After a couple of cups of coffee, we headed out down the beach walk in search of breakfast; somehow we made our way through the vast maze of beachfront hotel lobbies and shopping malls, through a garden with an enormous banyan tree, to the beachside restaurant of the Royal Hawaian, a huge pink palace of what looks to be 20s vintage, where we were served by a host of unhappy looking wait staff and consumed a very pricey breakfast ($45 for 2), including what had to be the worst cup of coffee ever, made with heavily clorinated water.

Beating a hasty retreat from the Royal Hawaian, we made our way along the beach and across a retaining wall to the Sheraton Waikiki, another gigantic seaside property.

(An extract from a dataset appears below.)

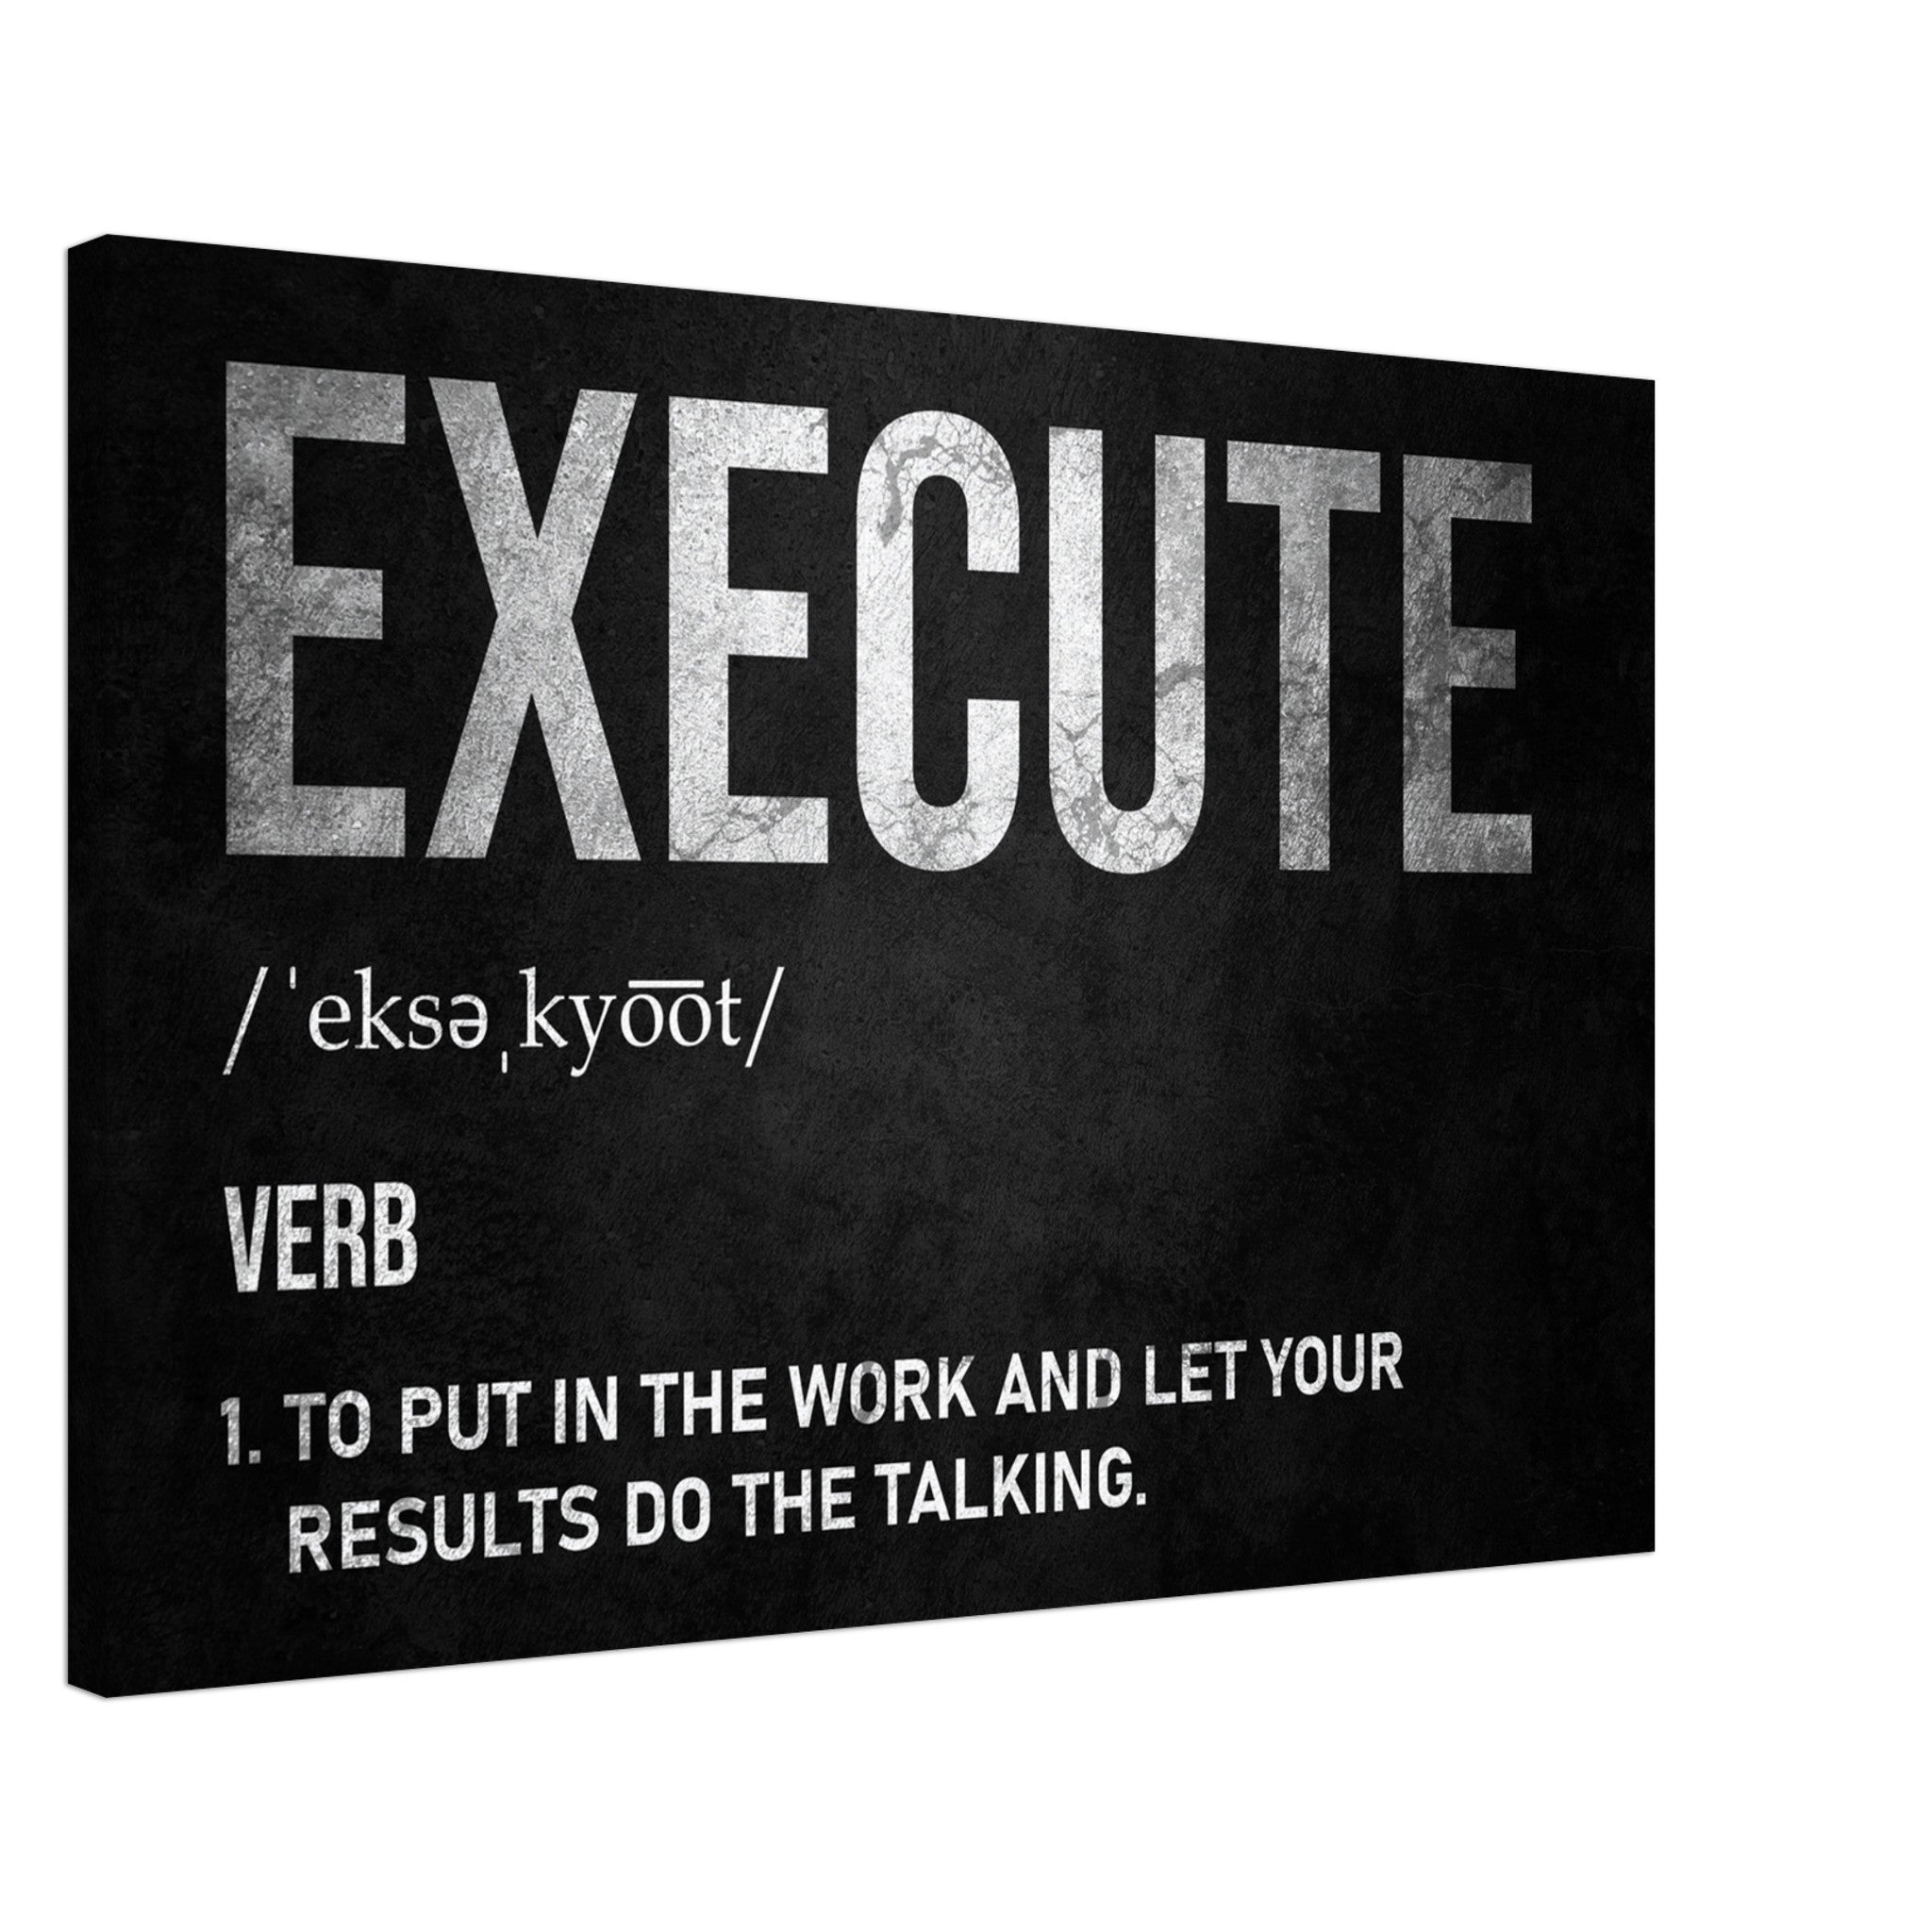 EXECUTE (Definition)

This small area had a few lounger and umbrella sets for rent for a ridiculous $45 a day (we passed on that opportunity and opted instead to stake out a patch of sand under the macadamia nut trees).

From the depths of the dark past, I retrieved a memory of Waikiki Beach in 1980 as a vast swath of sand much like White Rock, BC. Has it ever changed since then; what used to be a wide curve of sand is now a thin strip at low tide and nonexistent at high. Beach erosion and the higher waters caused by global climate change have altered the topography of the beach enormously, a problem that is worrying the local officials, since the impact on tourism if the beach disappears will be huge.

Ty and I are sun-creatures; we love the beach. But one can only spend so much time sun-worshipping; for us, there’s got to be something more to recommend a place than a great beach. And for me, Waikiki doesn’t have it. There’s very little local culture left to speak of; all the hotels and shops along the avenue are global luxury and midmarket chains, none of which we are inclined to patronise.

After an afternoon nap, we headed out to catch the  night-time action on the strip and found a few enterprising street vendors trying to beguile people in purchasing their wares, with very few takers. Ty bought a hand-made macrame anklet from a guy who said that the season was dead.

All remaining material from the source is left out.